1. Develop the basic plan: Managers must first develop the primary plan of action, considering
potential disruptions and challenges.
2. Implement the plan and identify contingency events: Once the primary plan is implemented,
managers need to formally identify potential contingency events that could disrupt it.
3. Specify indicators and develop contingency plans: Managers must specify indicators or signs
that suggest a contingency event is about to occur and develop contingency plans for each
possible event.
4. Monitor indicators and implement contingency plans: Managers need to continuously monitor
the indicators and implement the appropriate contingency plan if necessary.
Contingency planning helps organizations stay adaptable and responsive to unexpected events,
minimizing disruptions and ensuring business continuity.
Crisis management
is another critical aspect of planning, which involves developing a set of procedures to be used in the
event of a disaster or other unexpected calamity.

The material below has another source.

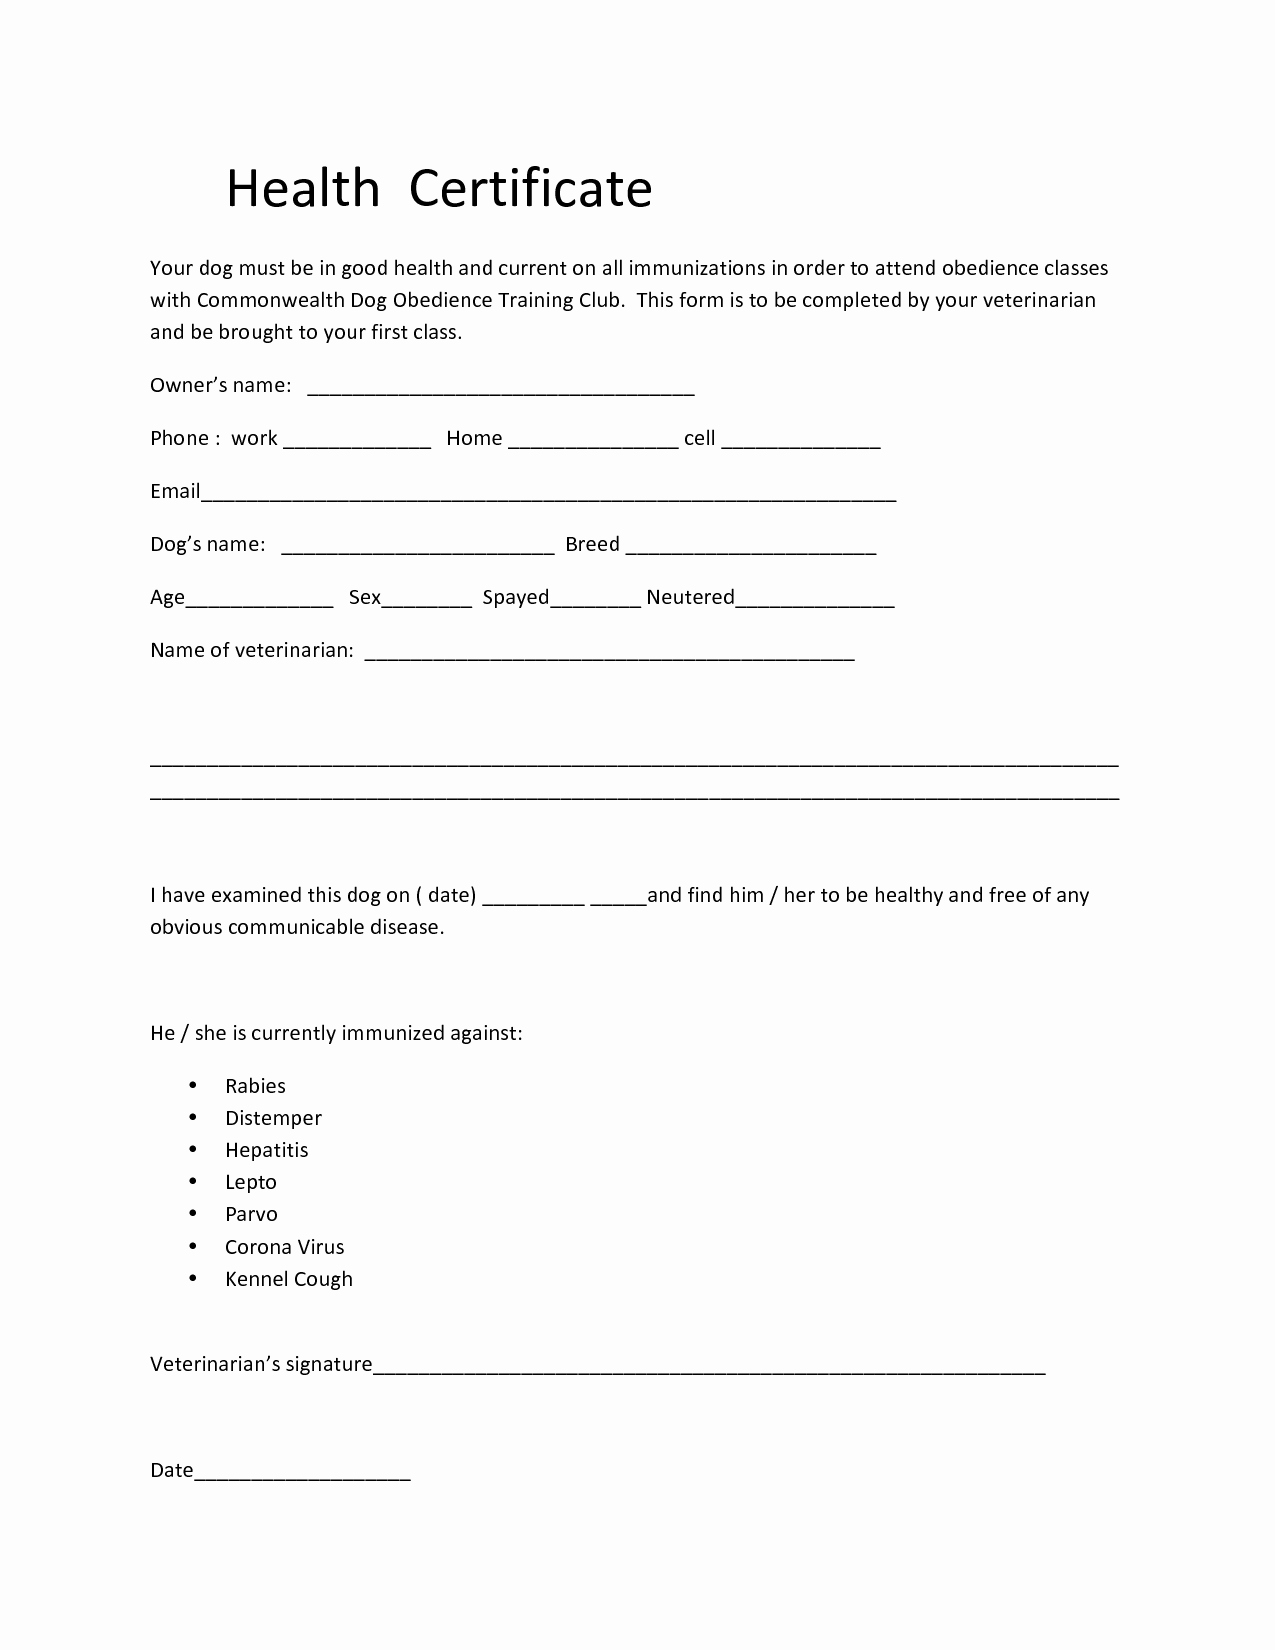 Pet Health Certificate Template New Dog Health Certificate form Related Keywords Dog Health
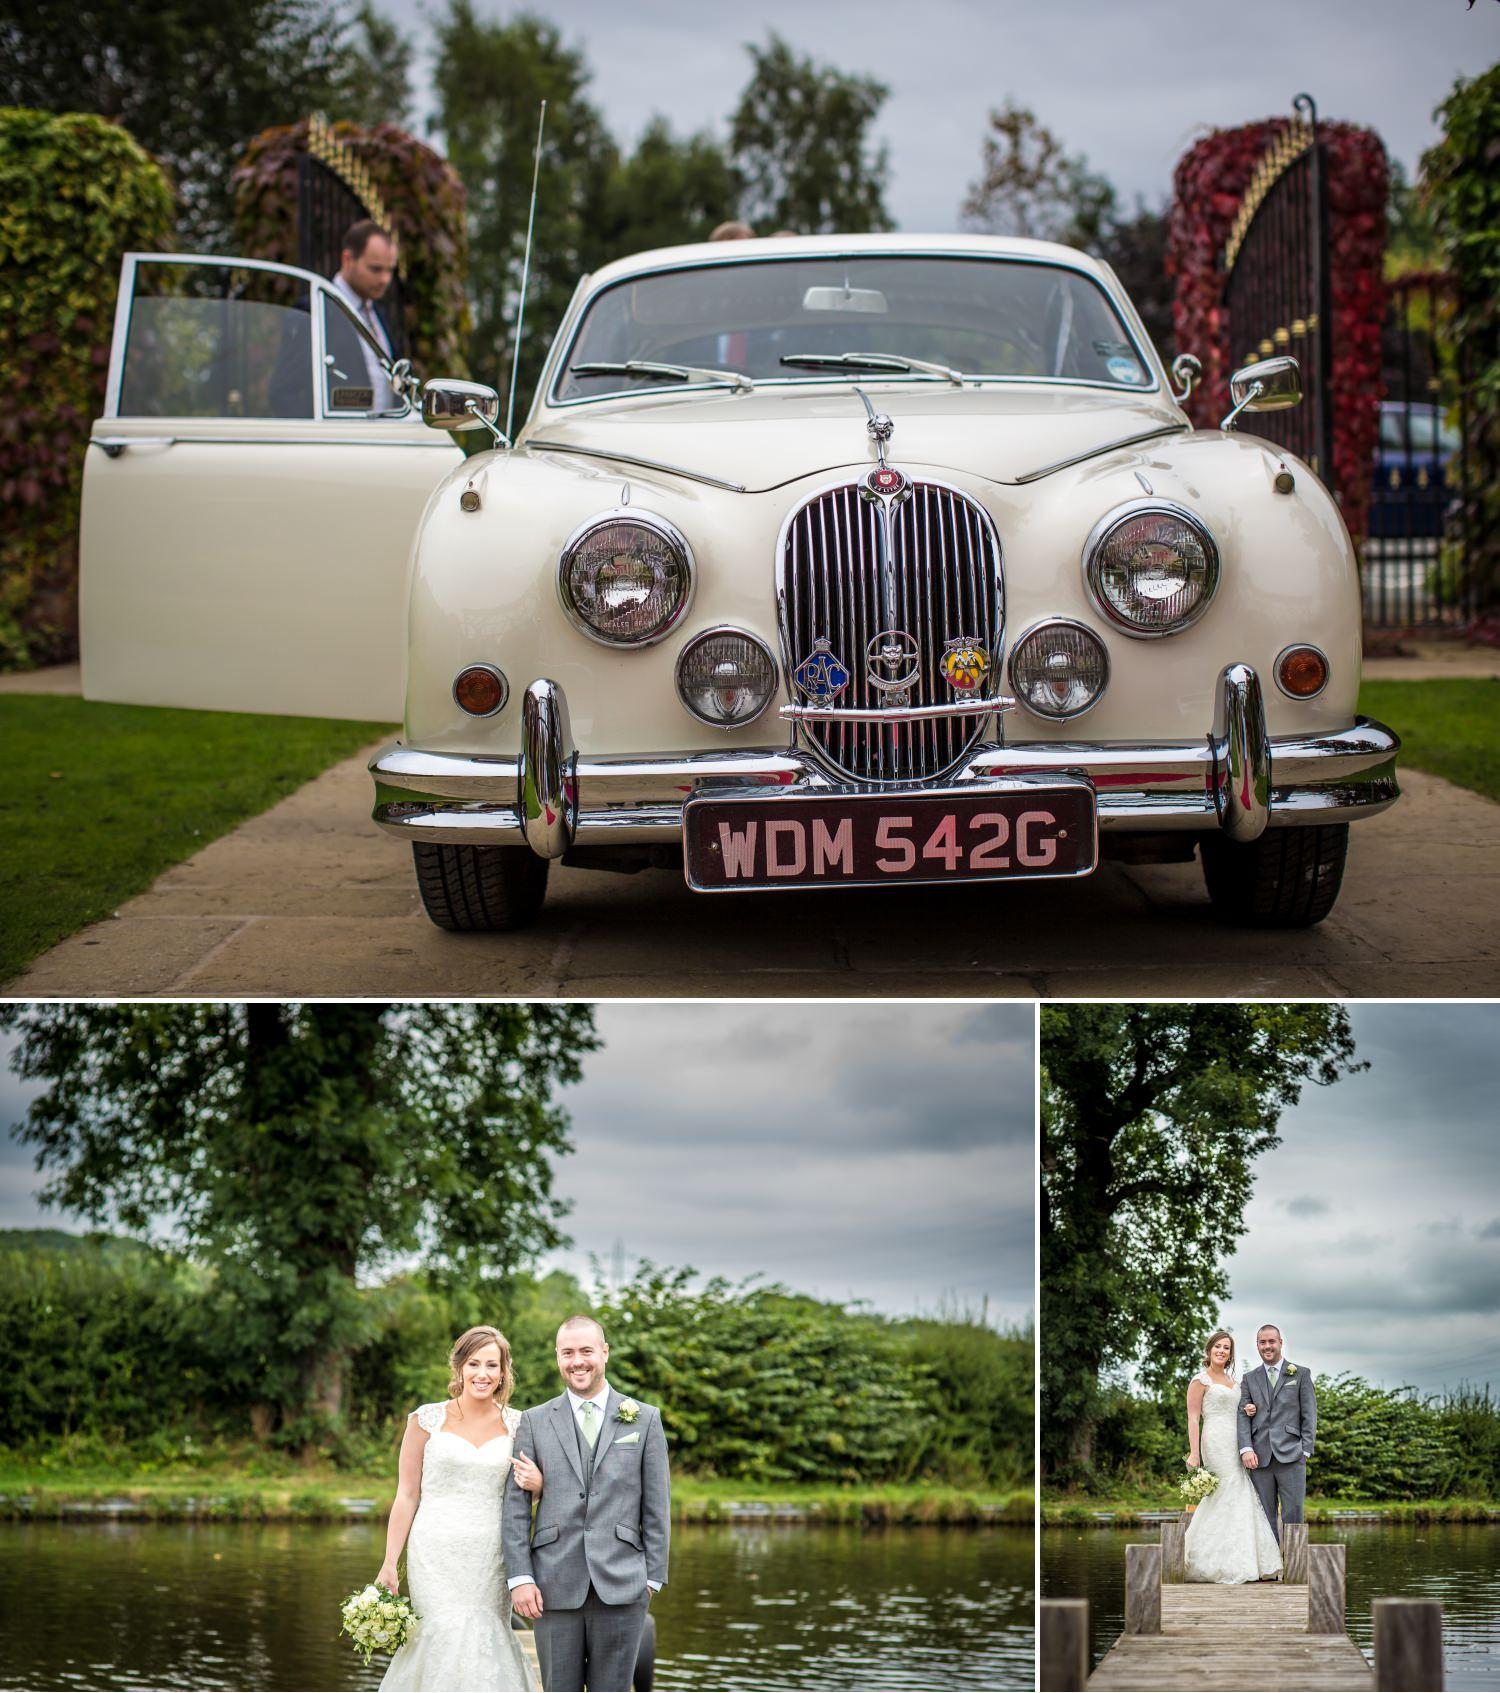 wedding car photograph at Lion Quays, Oswestry, Shropshire

Crisis management plans may include procedures for
communication, evacuation, and recovery, and are designed to help organizations respond effectively to
unexpected events, minimizing damage and ensuring business continuity.
Planning processes.
Planning is the process of setting goals and objectives and determining how to best achieve them. It
involves making decisions about future courses of action, allocating resources, and establishing priorities.
The planning process helps organizations to:
1. Set goals and objectives: Planning provides a framework for setting specific, measurable,
achievable, relevant, and time-bound (SMART) goals and objectives.
2. Allocate resources: Planning helps organizations determine how to best allocate their resources,
including financial, human, and material resources, to achieve their goals.
3. Establish priorities: Planning helps organizations set priorities and make decisions about which
activities are most important to achieving their goals.
4. Coordinate activities: Planning helps to coordinate activities across different departments and
functions within an organization, ensuring that everyone is working towards the same goals.
5. Monitor progress: Planning provides a mechanism for monitoring progress towards goals and
making adjustments as needed.
Effective planning is essential for organizational success. It helps organizations to be proactive, anticipate
future challenges and opportunities, and make informed decisions about how to achieve their goals.
There are several different types of planning, including strategic planning, tactical planning, and
operational planning.
1. Strategic planning is the process of setting long-term goals and objectives and determining how
to best achieve them. It involves making decisions about the overall direction of the organization
and how to best allocate resources to achieve its goals.
2. Tactical planning is the process of developing specific plans to implement the strategic goals
and objectives. It involves making decisions about how to best allocate resources within specific
departments or functions.
3. Operational planning is the process of developing specific plans to implement the tactical plans.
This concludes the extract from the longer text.